Сложно понять и подсчитать, насколько многонациональными были Ленинград и Москва, поскольку в этих городах действовала «политика непризнания» национальных меньшинств[31]. А в довольно подробные ежегодные переписи населения не включали статистические сведения об этническом происхождении жителей[32]. Статистика официальных отчетов, предназначенных для широкого круга читателей, отображала исключительно белокожее славянское население городов[33]. Советские муниципальные власти были убеждены, что, получив в Ленинграде и Москве все навыки, мигранты с Кавказа, из Средней Азии или других менее развитых регионов СССР обязательно уедут домой, увезя и навыки, и все заработанные в городах деньги. В дружбе народов не они, а русские должны были сыграть роль «старшего брата», несущего прогресс в отдаленные республики. Данные Всесоюзной переписи являются единственным официальным источником, содержащим данные по этническому составу населения. Самые ранние подсчеты касаются татарского населения, из-за более ранней интеграции и относительной географической близости к европейской части СССР: в 1959 г. в Москве их насчитывалось 80,5 тыс. человек, притом что численность армянского, грузинского, чувашского и мордовского населения была чуть больше 5 тыс. человек[34]. Количество мигрантов с советского Юга в городах постоянно росло: по данным Всесоюзной переписи уже в 1989 г. было зарегистрировано более 30 тыс. человек из Средней Азии как в Ленинграде, так и в Москве, в дополнение к более чем 30 тыс. выходцев из Азербайджана[35]. Определенно существует шанс, что в государственной статистике, основанной на самоидентификации граждан, недостаточно представлены этнические меньшинства, которые могли причислить себя к русским или, что более вероятно, вообще не участвовать в переписи[36]. Как отмечает Вера Глубова, в последнее советское десятилетие в переписях все чаще стали занижать численность представителей этнических меньшинств, потому что миграция из советской Азии в Москву была в два-три раза выше, чем из европейской части страны[37]. Ольга Вендина пишет, что к концу советской эпохи представители кавказских и среднеазиатских народов составляли значительную часть всего нерусского населения столицы (доходившую до 20 % от общего числа жителей)[38].

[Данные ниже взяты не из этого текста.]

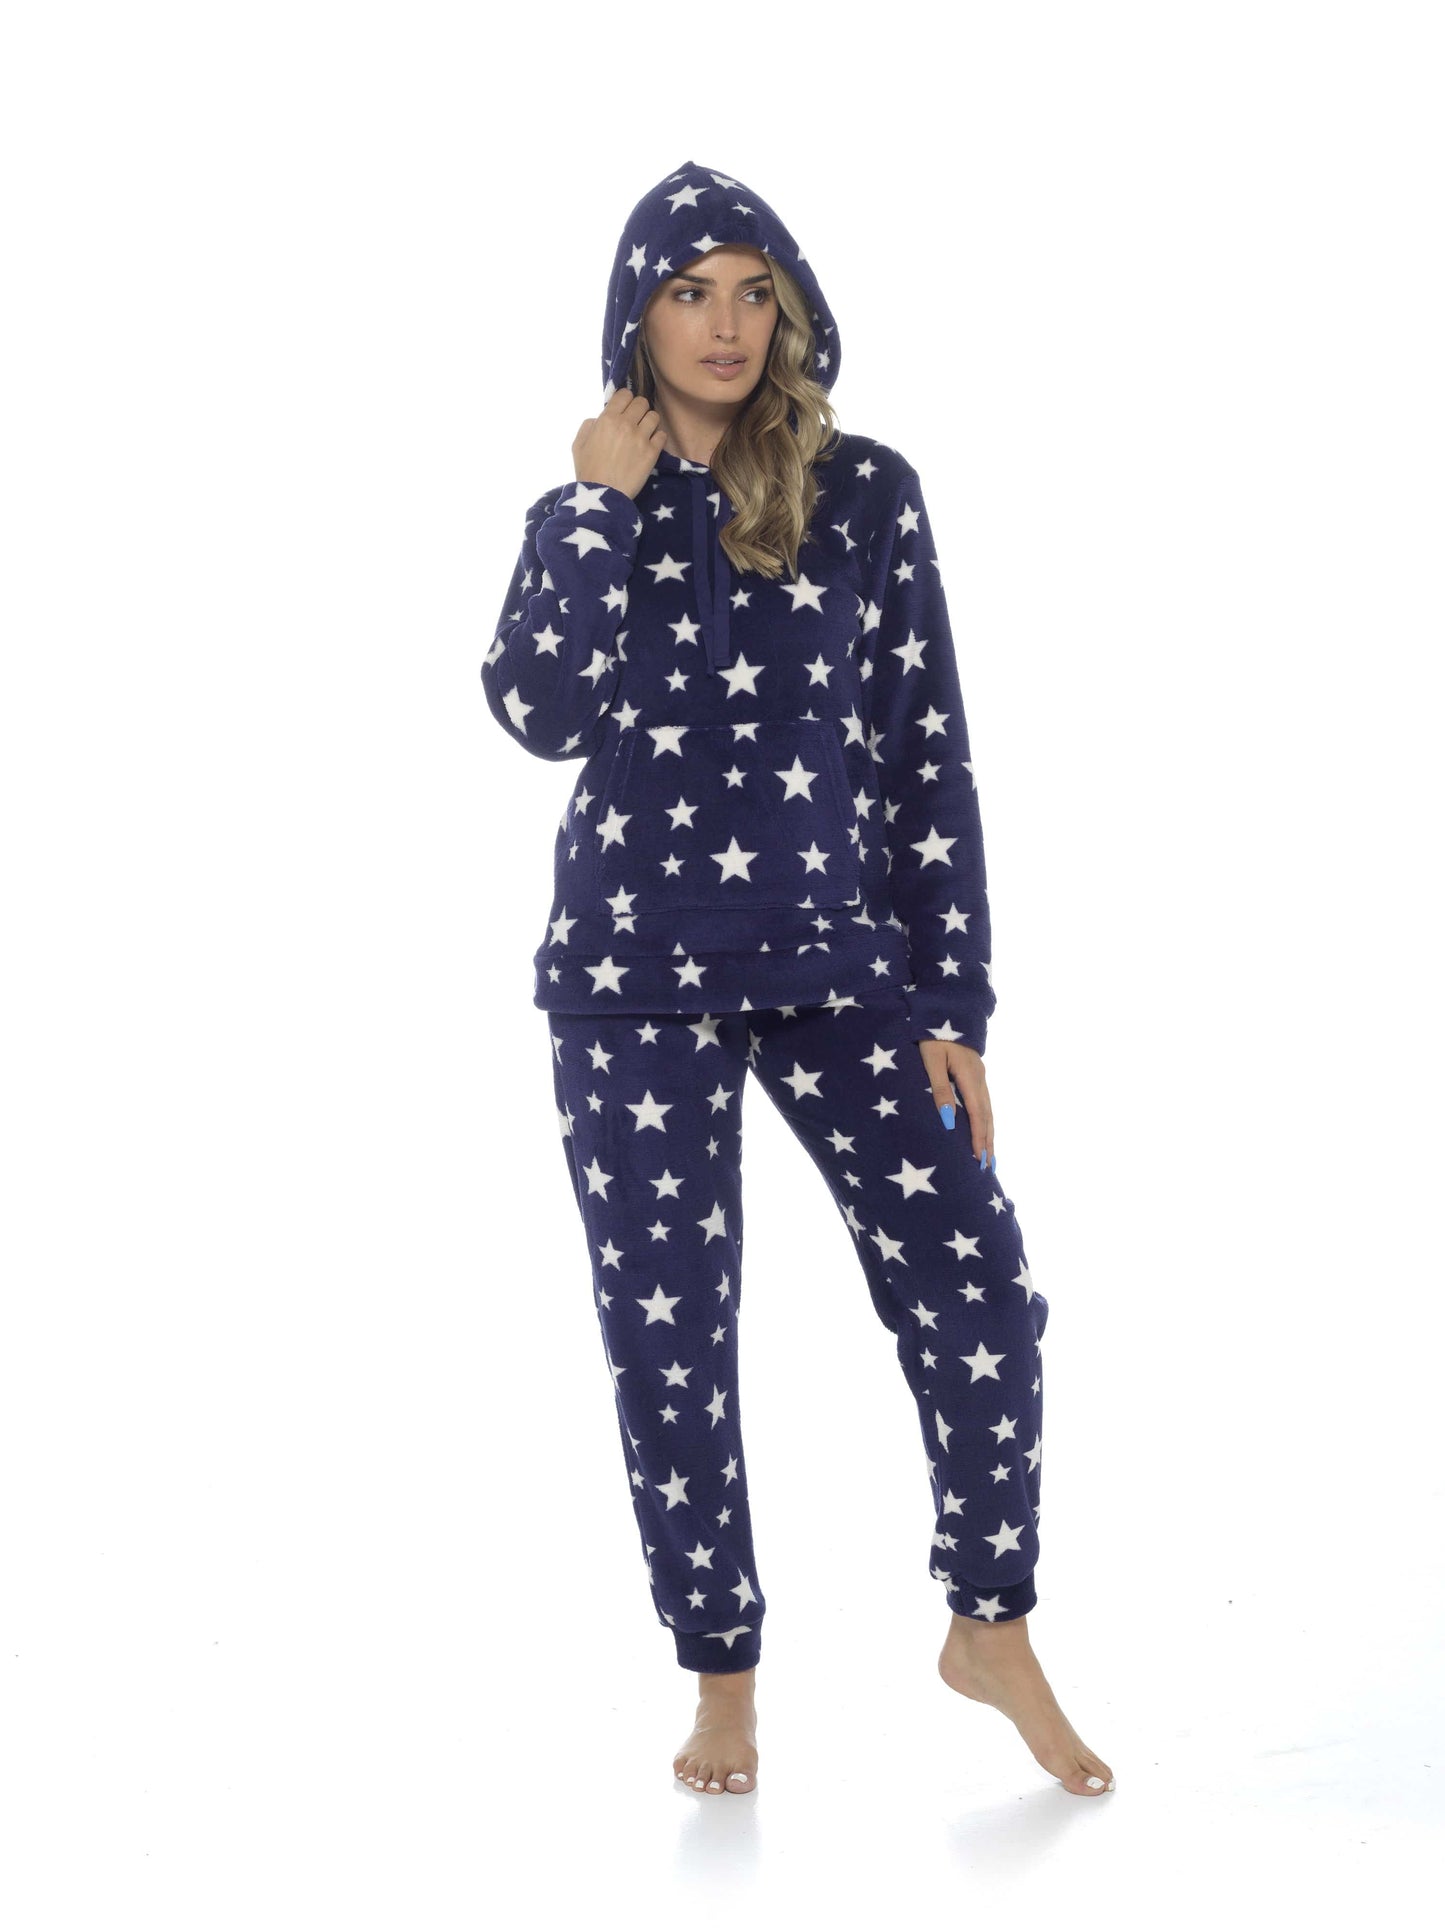 Stars Plush Fleece Hooded Pyjama Set SMALL | UK 8-10 / NAVY Daisy Dreamer Pyjamas

Для нашего проекта мы провели семьдесят пять устных интервью с бывшими советскими гражданами, среди которых были студенты и специалисты, торговцы и владельцы магазинов, квалифицированные и неквалифицированные рабочие, туристические агенты и демобилизованные солдаты[39]. Респонденты представляли разные национальности: буряты, народы северного Кавказа, армяне, азербайджанцы, грузины, казахи, кыргызы, таджики и узбеки, которые прожили месяцы или годы в Ленинграде и Москве с 1950-х по 1990-е гг., но в основном в последние два десятилетия советской эпохи. В мое исследование также включены рассказы ученых и журналистов[40]. Сборник интервью скорее выполняет иллюстративную, а не репрезентативную функцию. Я ставил перед собой цель запечатлеть как можно больше аспектов миграции, то есть описать миграцию глазами, словами и воспоминаниями тех, кто непосредственно был ее участником и наблюдал ее последствия в Ленинграде, Москве и других ближних и дальних точках позднего Советского Союза.
Эти устные рассказы дают уникальную возможность заглянуть в советскую повседневную жизнь. При изучении такого динамичного процесса, как миграция, важно прислушаться к голосам тех, кто участвовал в движении. Их рассказы свидетельствуют о том, как «матрицы социальных условий влияют на людей и формируют их личность, а также то, как люди, со своей стороны, на них реагируют, как действуют и как меняют арену социальной жизни»[41]. Эти источники приобретают дополнительную ценность при изучении таких современных государств, как СССР, которые скрывают масштабы и приуменьшают значимость человеческой мобильности как формального, так и в особенности неформального характера[42]. В приложении к данной книге подробно описана предыстория этих интервью и те трудности, которые возникали во время их проведения, ведь на ответы, полученные в ходе разговоров, могут влиять такие факторы, как, например, языковой барьер, обстановка и восприятие интервьюера (или же характер общения между ним и респондентом)[43]. Кроме того, то, какие слова подбирают разные люди и как описывают жизнь в целом, зависит от их стратегий повествования. В воспоминаниях мигрантов переплетены прошлое и настоящее. Вспоминая советское прошлое, проведенное в Ленинграде и Москве, они хорошо отзывались об этом времени, сравнивая его с постсоветским периодом, когда с 2005 по 2011 гг. акты насилия на расовой почве ежегодно забирали десятки жизней[44]. Контраст между советскими и постсоветскими опытом миграции в интервью, несмотря на то, что вина за проявления ксенофобии и насилия, которые мигрантам пришлось испытать в 2000-х гг., неожиданно смещалась, подчеркивал отчетливо задокументированную ностальгию по «воображаемой эмоциональной карте» СССР, на которую бывшие советские граждане наносят свои представления о стабильности, общности и взаимном доверии[45]. Особенно сильно в их голосах улавливается тоска по тому времени, когда молодыми они были мобильны и мечтали добиться успеха. Мигранты с нежностью вспоминали время, когда они верили, что все препятствия можно преодолеть и ничто не предвещает беды[46].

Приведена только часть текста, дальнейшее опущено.